Слабость холодного тела.

 

Сведение полового диморфизма к количественной разнице соответствует логике аристотелевской системы. Единство рода как репродуктивного организма сохраняется. Существуют два пола, но есть только одна неделимая (atomos) форма. Это reductium ad unum 48 происходит не просто путем связывания вместе нескольких описательных утверждений: женщина меньше, слабее, хрупче, она имеет редкие зубы и черепные швы, ее голос слабее и т.д. Эти отличительные черты, так внимательно подмеченные натуралистом, являются всего лишь эпифеноменом искаженного physis, или природы. Почему женские тела меньше и слабее? Потому что им не хватает жизненного жара, который ослабляет их метаболизм или, как Аристотель называет это, «превращение». Та же нехватка объясняет и течение менструальной крови. «В слабом организме неизбежно будет остаток в меньшей степени превращенной крови» 49. Именно этот остаток и вытекает из женского тела раз в месяц.

Менструальная кровь является еще одним признаком холодности женского тела.

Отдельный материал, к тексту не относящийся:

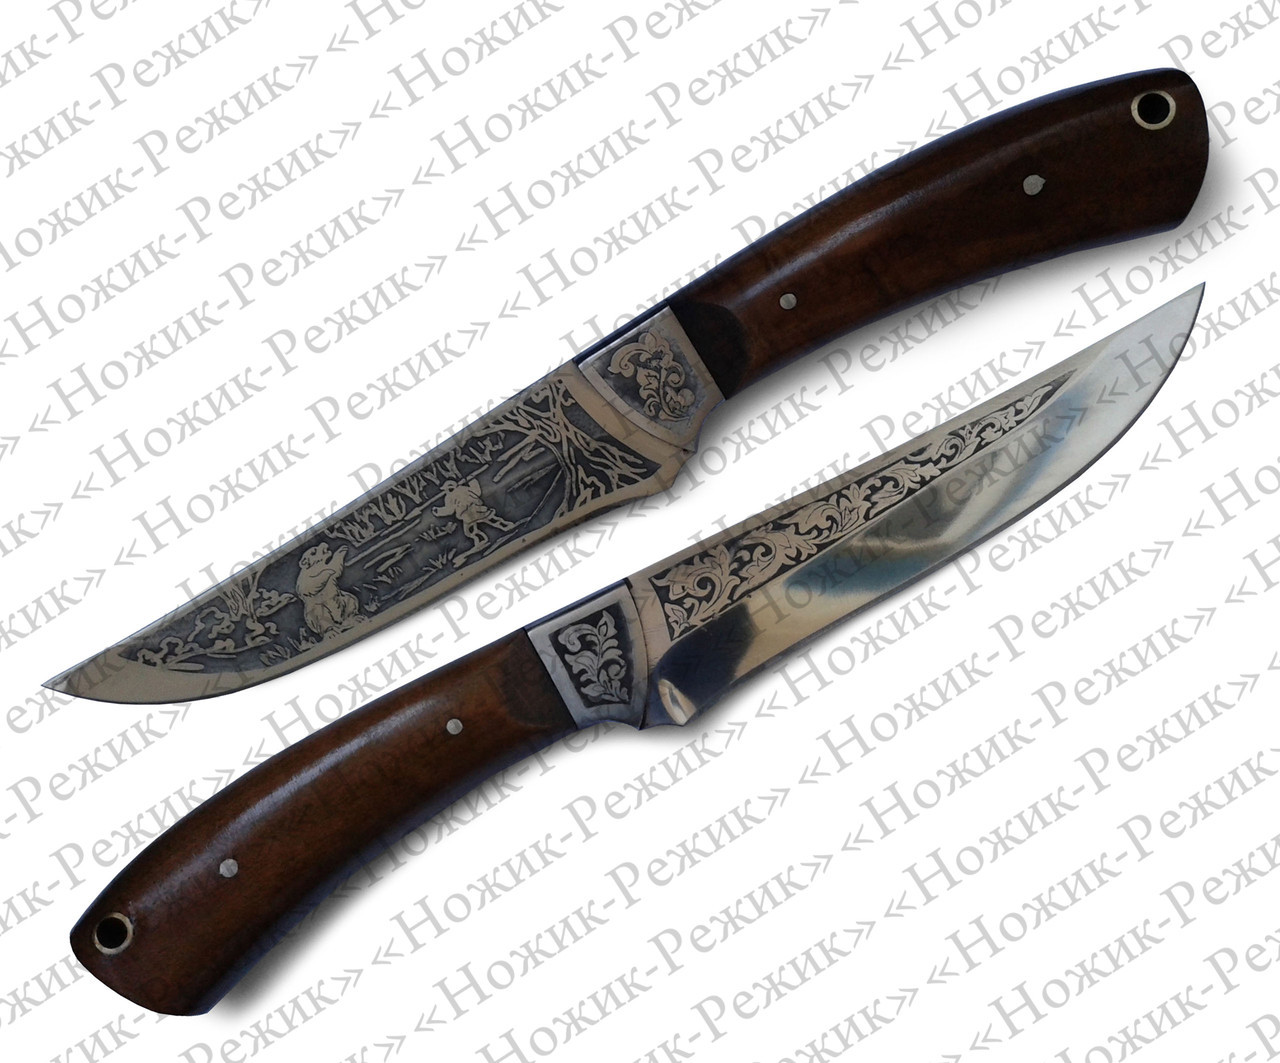 Нож от производителя, туристические ножи, нож, боевой нож, армейский нож, охотничьи ножи

И, возможно, что это наиболее важный признак из всех остальных, так как зачатие и рождение происходит в женском теле. Менструальная кровь аналогична сперме, однако это несовершенная сперма, поскольку она не превращена. Семя производится путем превращения крови мужчины, крови, которая является окончательной формой питания для ткани организма. Благодаря своему жизненному теплу, мужчина способен превратить свою кровь в сперму. И наоборот, у женщины не хватает достаточной энергии (adynamia), дабы совершить это превращение.

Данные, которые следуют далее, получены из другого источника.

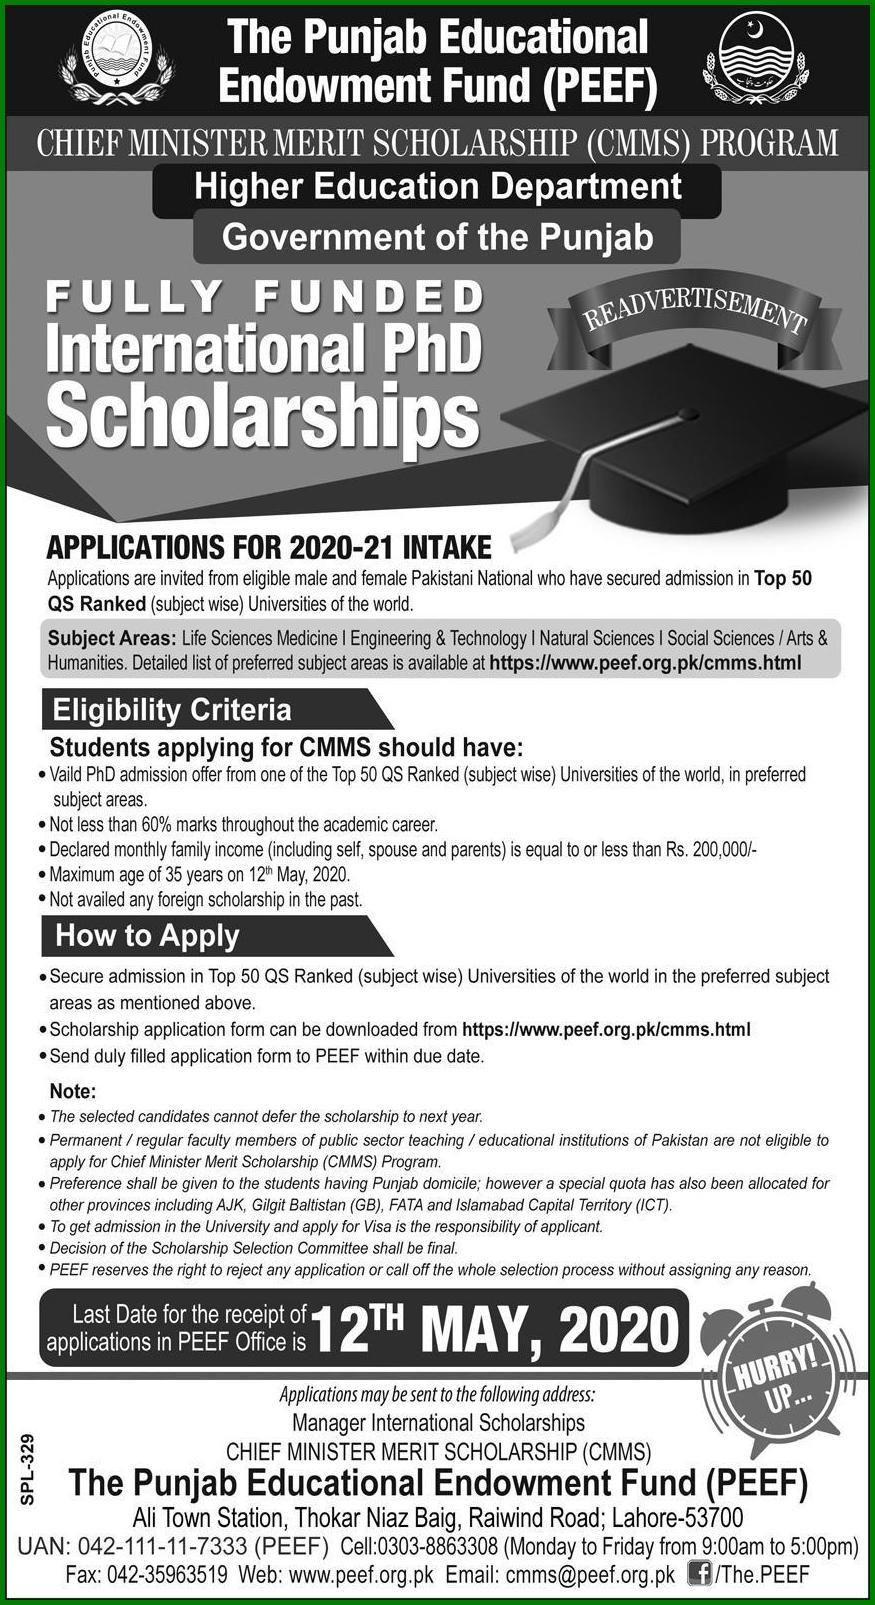 Peef Chief Minister Merit Scholarship Cmms Programs 2020 In 2020 Scholarships Scholarships Application Top Universities

Оппозиция сперма/менструальная кровь демонстрирует предельную разницу между мужчиной и женщиной. Хотя они и аналогичны: сперма для мужчины – это то же, что и менструальная кровь для женщины. Обе субстанции – результат превращения крови, но мужчина способен довести это превращение до конца, а женщина нет. Два вещества отличаются друг от друга только как продукты двух разных фаз одного процесса. Свидетельством тому могут служить следы крови в не до конца превращенной сперме. Эта теория производства спермы принадлежит не Аристотелю. Он позаимствовал ее, не указав источник, у Диогена Аполлонского. Полезность этой теории очевидна: она позволяет Аристотелю представить качественное различие как количественное. Кроме того, она позволяет позаимствовать еще один элемент, который станет центральным звеном в системе Аристотеля: при превращении крови в сперму происходит и метафизическое превращение. Быстрое превращение, вызванное коитальным движением непосредственно перед семяизвержением, создает абсолютное отсутствие непрерывности между кровяным остатком и его производным. Поэтому сперма обладает душой, формой и движущим принципом.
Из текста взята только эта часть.